TOKYO (Reuters) - Japanese business sentiment improved in the three months to March but is set to weaken in the following quarter, the central bank's "tankan" survey showed, on concerns a sales tax hike kicking off this month will dent a fragile economic recovery.
"There is no surprise in the headline figures. The BOJ will probably judge that corporate sentiment continued to recover although it was boosted by the temporary rush of demand before the consumption tax hike.
"Companies' outlook for sentiment weakened slightly but this trend is similar to what data showed when Japan hiked its sales tax the last time.
"Companies' price outlook (to be announced on Wednesday) will have deep implications for the BOJ's policy prospects. If the survey results show firms expect prices to rise, this suggests an environment in which it will be easier for them to pass on higher costs.
"This will make it clear that price changes will remain in positive territory.
"Today's data won't change our view that the BOJ is expected to move around July."
TAKESHI MINAMI, CHIEF ECONOMIST, NORINCHUKIN RESEARCH INSTITUTE, TOKYO
"The headline index for big manufacturers came out weak, probably reflecting sluggish external demand and exports.
"Coming on the heels of recent weak data such as industrial output, the weak reading could heighten market expectations for the Bank of Japan to ease policy further in the coming months.

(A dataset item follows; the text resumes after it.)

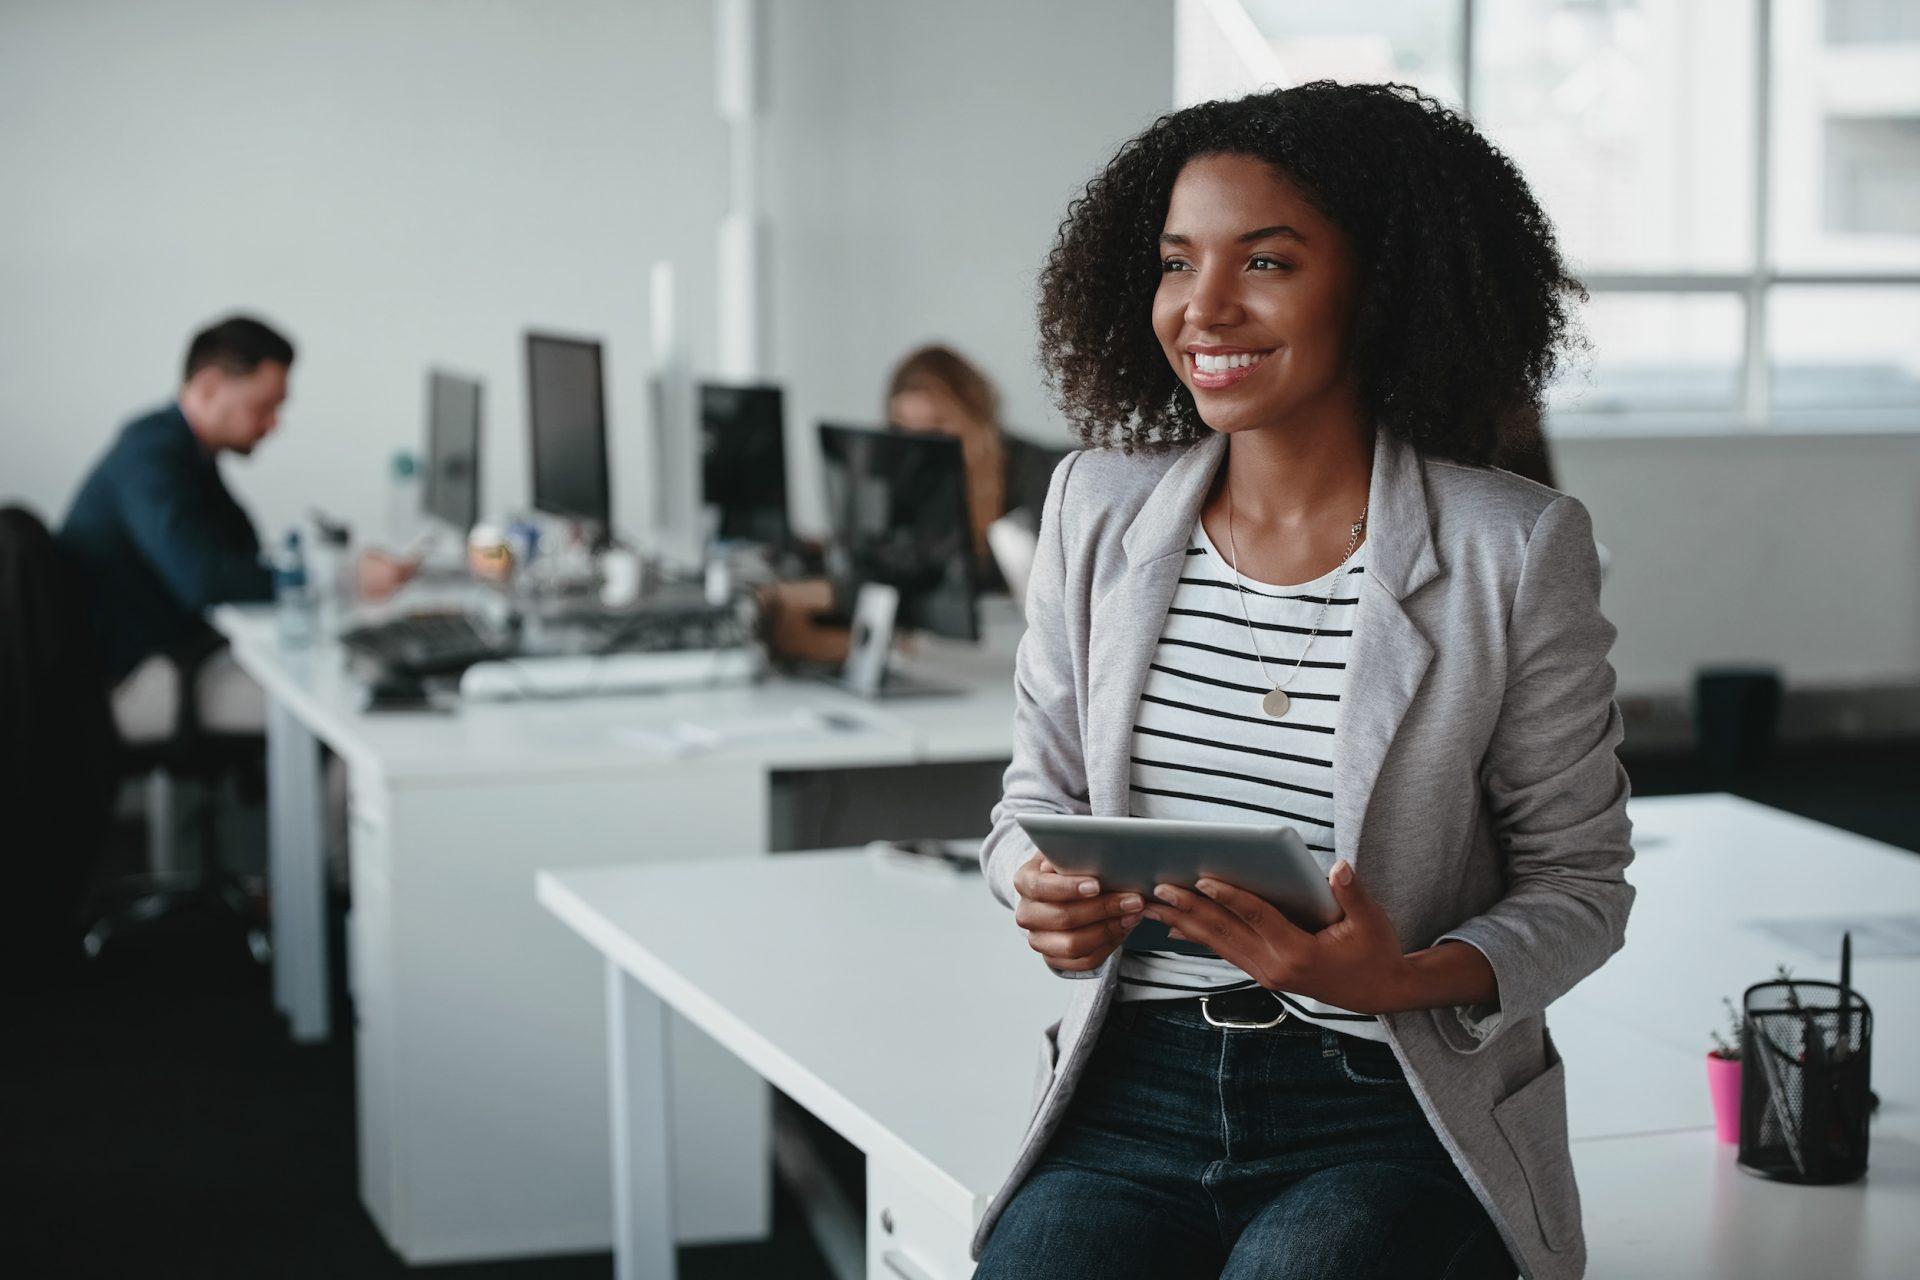 5 perfis femininos sobre tecnologia que você precisa conhecer

"That said, I think the BOJ won't act anytime soon but that it wants to see how a pullback after the sales tax rise and a subsequent rebound will be. If the rebound proves weak in June, the BOJ could embark on additional stimulus as early as in July or August."
YASUO YAMAMOTO, SENIOR ECONOMIST, MIZUHO RESEARCH INSTITUTE, TOKYO
"Big companies are very worried about what will happen after the sales tax hike. Memories of the last sales tax hike in 1997 are still in the back of many corporate executives' minds."
"Capital expenditure plans are not really that firm at the start of the new fiscal year, but capex may not come on line until the second half of the fiscal year."
"Manufactures raised output before the sales tax hike, but they still have excess capacity, so that sector has not completely recovered."
"A lot of companies are facing shortages of workers, so the labor market will remain tight. This reflects our declining population, which will push up wages."